Nein...nicht getrailert...dafür ist Ding ein bischen groß....ich fahre sie abends rüber,dauert bis Großendrode ca.1,5Std. und lege sie dann bei Clemens in den Hafen....Angeln kannst du darauf bequem mit 5 Leuten oder auch noch mehr,ist geschmackssache... und in der Kajütte ist auch genug Platz für alle Mann...das Boot ist ja fast 9m lang und knapp3m breit...
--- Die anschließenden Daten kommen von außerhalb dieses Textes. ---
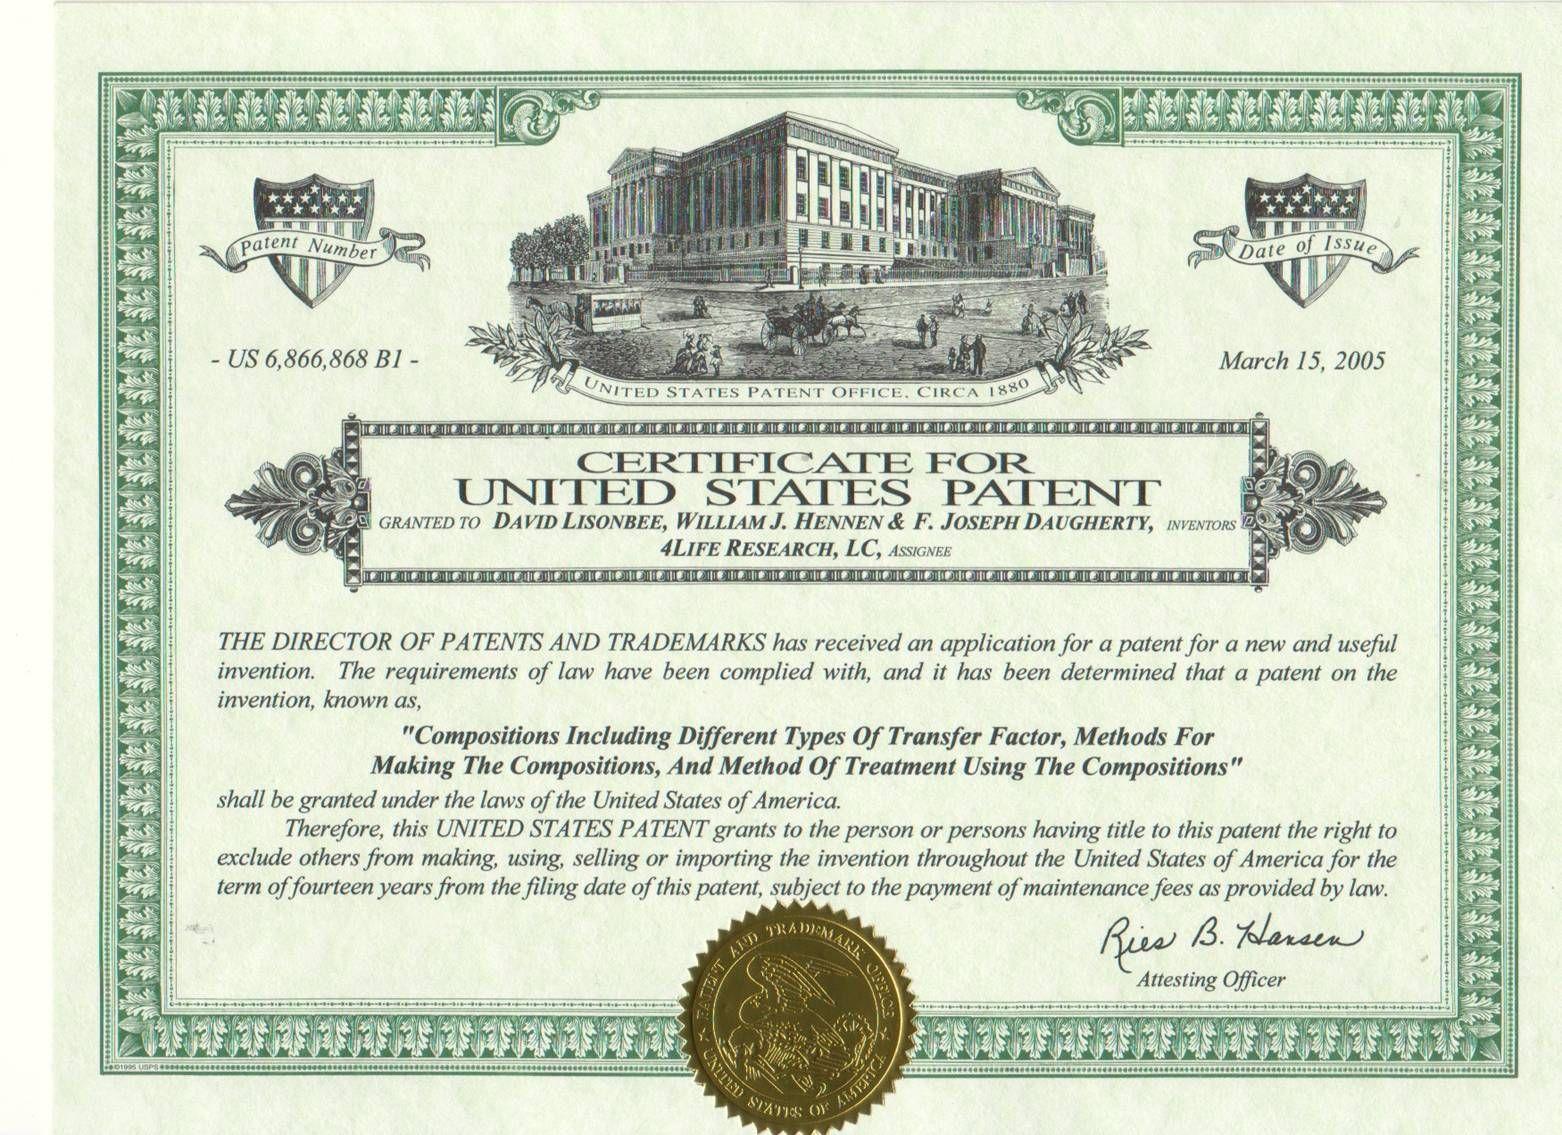 Winners Life Senarai Harga Produk Life Sijil Pengesahan Halal - Patent certificate template
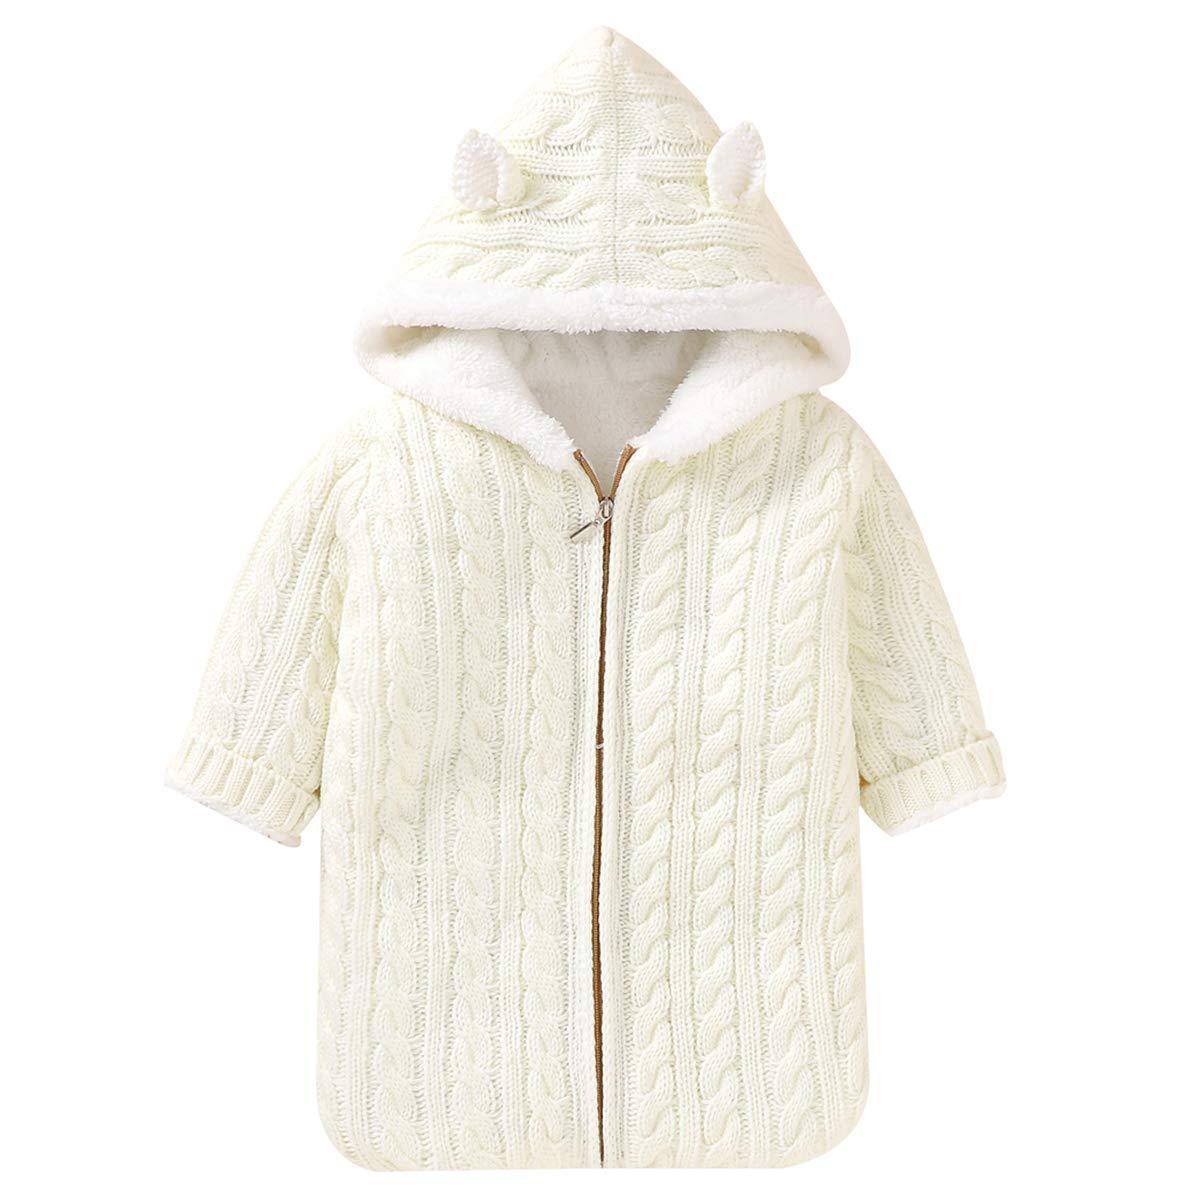 Baby Sleeping Bag Fleece Lined Swaddle Blanket Newborn Infant Knit Stroller Wrap

Preislich liegt sie zwischen 125€ in der Woche/Tag und am WE 175€/Tag bei mehr Tagen natürlich günstiger je nach Verhandlungsgeschick...

Gruß
Baltic 25


----------



## BIG T. (1. Oktober 2010)

*AW: Bootsvermietung in Großenbrode?*

Danke Baltic 25! Das mit der Baltic klingt für mich schon recht angenehm, gerade was das Wetter angeht... Aber vielleicht bin ich da auch einfach zu "bequem" |rolleyes ! Da unser Organisator wohl schon in Grossenbrode die Korsö reserviert hat, muss ich mal vorschlagen ob die Baltic eine Option für die anderen wäre b.z.w. vielleicht erstmal horchen wohin und wieweit wir überhaupt raus wollen.
Danke auf jeden Fall Guifri für Deine Info's zur Korsö, das hat meine Bedenken, zumindest was den Platz angeht etwas zerstreut! Habt Ihr Tipps welche Ecken sowohl von Grossenbrode aus, als auch von Hh. gut erreichbar sind und wo momentan gut gefangen wird?
Gruß
T.


----------



## guifri (1. Oktober 2010)

*AW: Bootsvermietung in Großenbrode?*



BIG T. schrieb:


> Habt Ihr Tipps welche Ecken sowohl von Grossenbrode aus, als auch von Hh. gut erreichbar sind und wo momentan gut gefangen wird?
> Gruß
> T.



Das ändert sich ja quasi fast täglich. Von GroBro Richtung Sagasbank habt ihr alle Möglichkeiten zwischen tief und flach.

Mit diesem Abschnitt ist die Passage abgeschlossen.